Thanks in advance for any replies.


----------



## obie (Mar 28, 2011)

well yeah everything breaks down over time, some just take a lot longer than others. i guess there is only one way to find out if they are still good!


----------



## lipadj46 (Apr 3, 2011)

the salts will last this side of forever.


----------



## ray-the-pilot (May 14, 2008)

Error said:


> Hey all.
> 
> I just pulled a bunch of my aquarium junk out of storage because I'm setting up some new tanks. Included in the lot were several bags each of KNO3, K2PO4, csm+b, and some other junk.
> 
> ...


Since ferts are so little of the cost in keeping a planted aquarium my first thought used to be don't use them and buy new. But then you have the problem of getting rid of the old stuff. 
The best thing would be to sell (or give away) the old stuff to someone who thinks they are OK and buy new chemicals.


----------



## Crispino Ramos (Mar 21, 2008)

Dry fertilizers aren't volatile compounds, I think it's ok to use them.


----------



## Emily6 (Feb 14, 2006)

Maybe the manufacturer knows. Call up the retailer and see what they say. I'm also inclined to guess that they would be fine as long as they stayed sealed up and dry.


----------



## Diana K (Dec 20, 2007)

I would go ahead and use them.


----------



## onefang (Apr 10, 2011)

Chances are they sat on a shelf (or in a barrel) somewhere in a warehouse for quite a while before you got them. Although they are hard, probably from a moist environment, they are probably fine. If you are a dry doser, the clumpy texture might make it more difficult to dose. You could always run them through a sifter to try and break them back into a powdered state.


----------



## aquaphish (Jan 22, 2005)

If these ferts are dry and not fluid, they will last for years as long as they are kept dry and not in a moist area that they can absorb moisture.

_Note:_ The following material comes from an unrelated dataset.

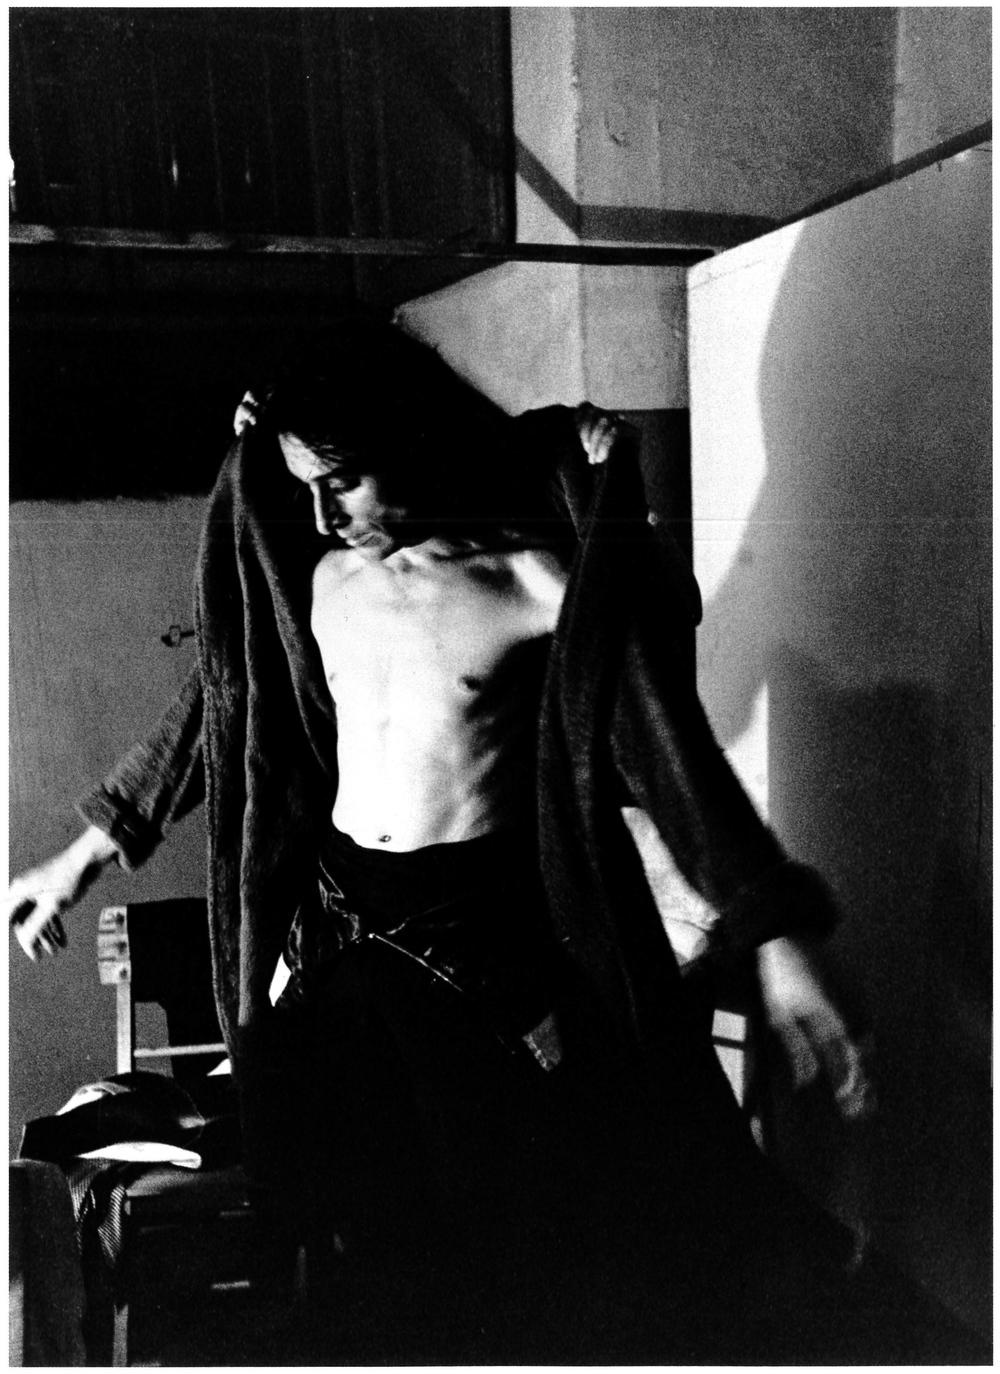 Antonio Gades in camerino. Milano, 1971.
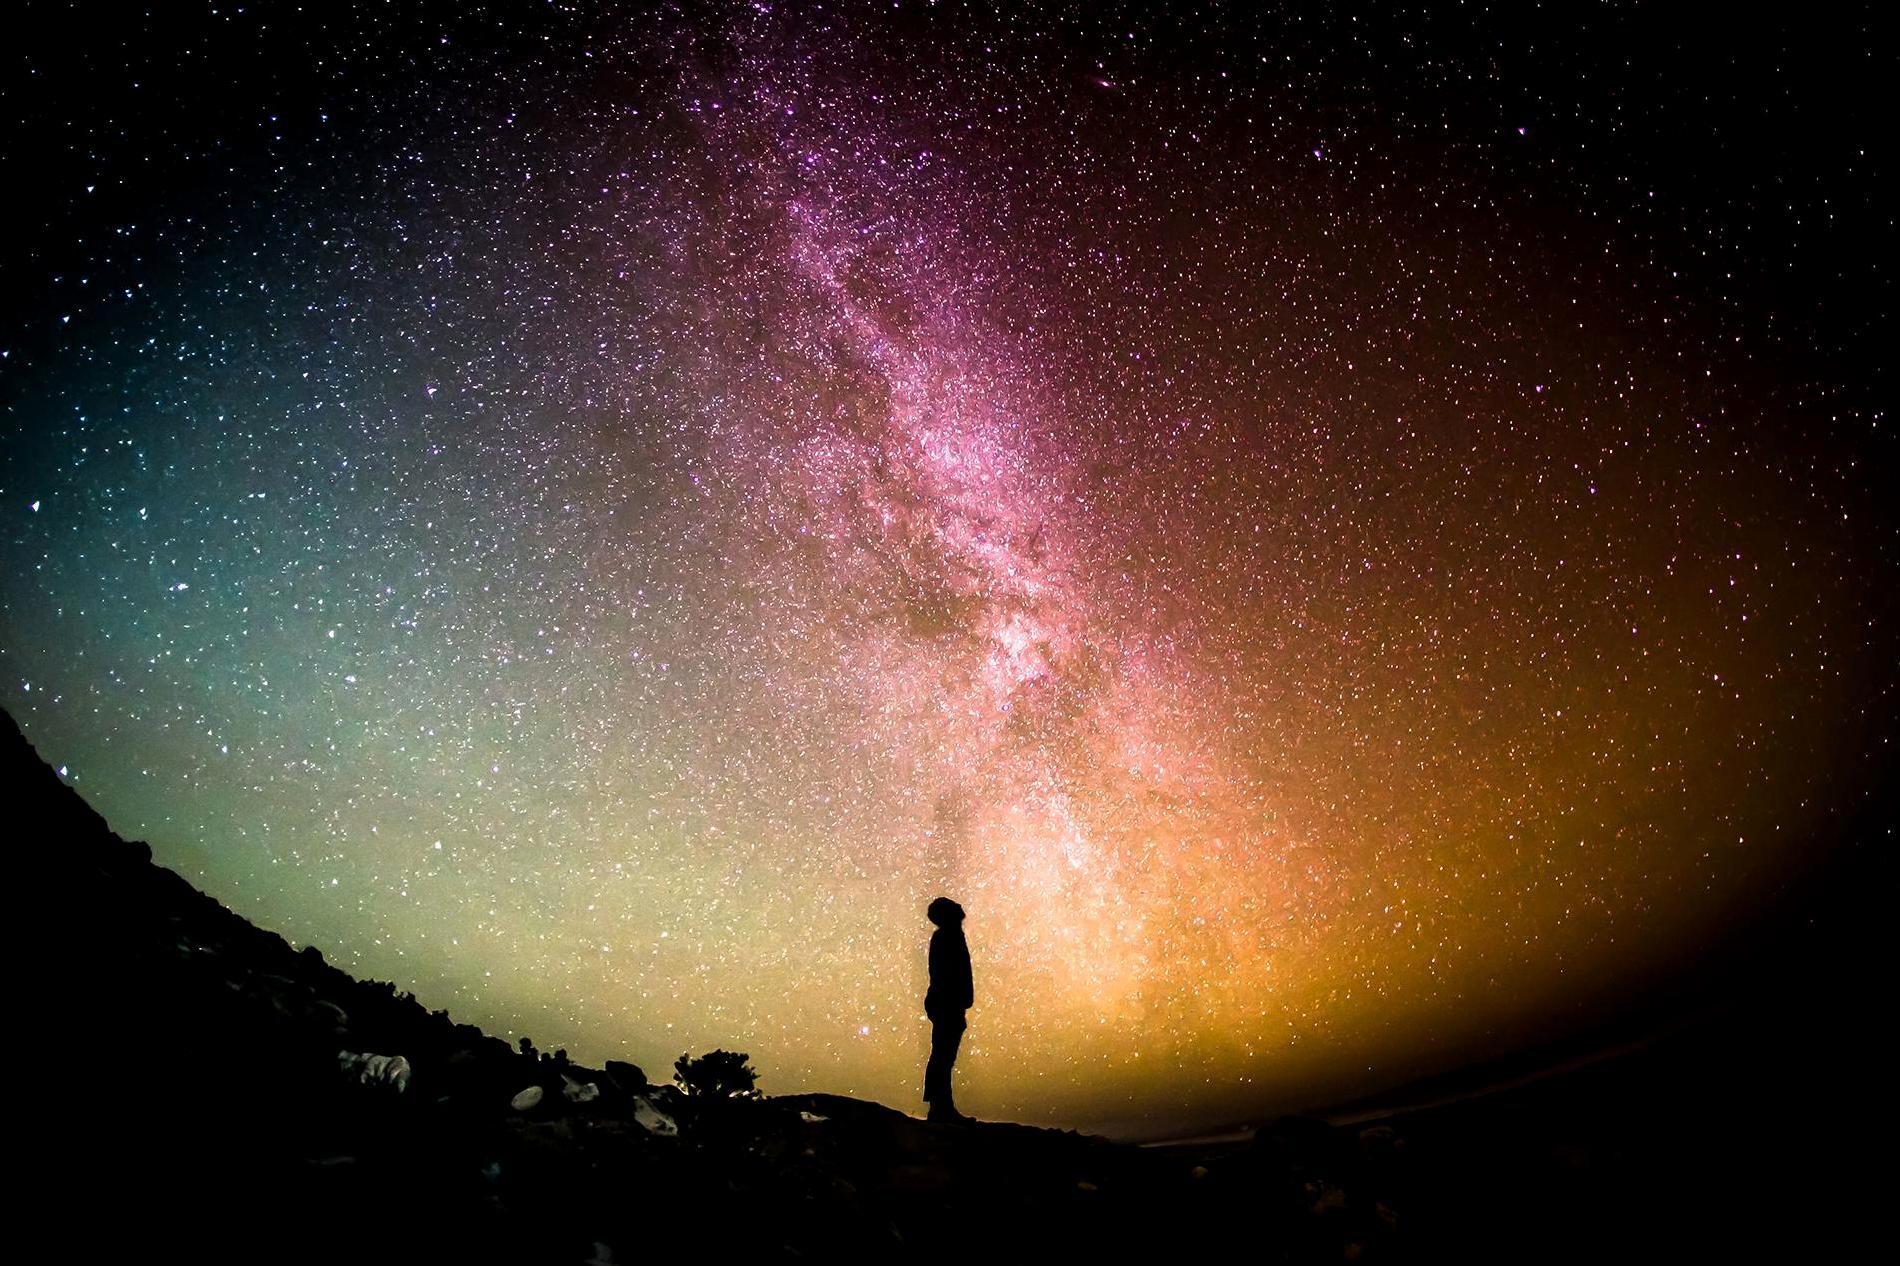 Astro-Randonnée: Balade sous la voûte céleste entre ciel étoilé et constellations Vallouise

I have dry ferts that I purchased over 6 years ago and they still work just a good as the day I purchased them. 

I mix only enough as a liquid solution for about a month at a time. Then keep the dry ferts in a good plastic resealable baggie, then I place all the individual sealed baggies into a larger baggied for a double sealed enviroment to keep moisture away.

You will be fine using if they are dry.

UPDATE:

Just re-read your post. The ferts most likely came into contact with moisture at one point or the other. That is why they are hard and not in powder form. Try and use them they still should be ok. No harm will be done to plants or animals.


----------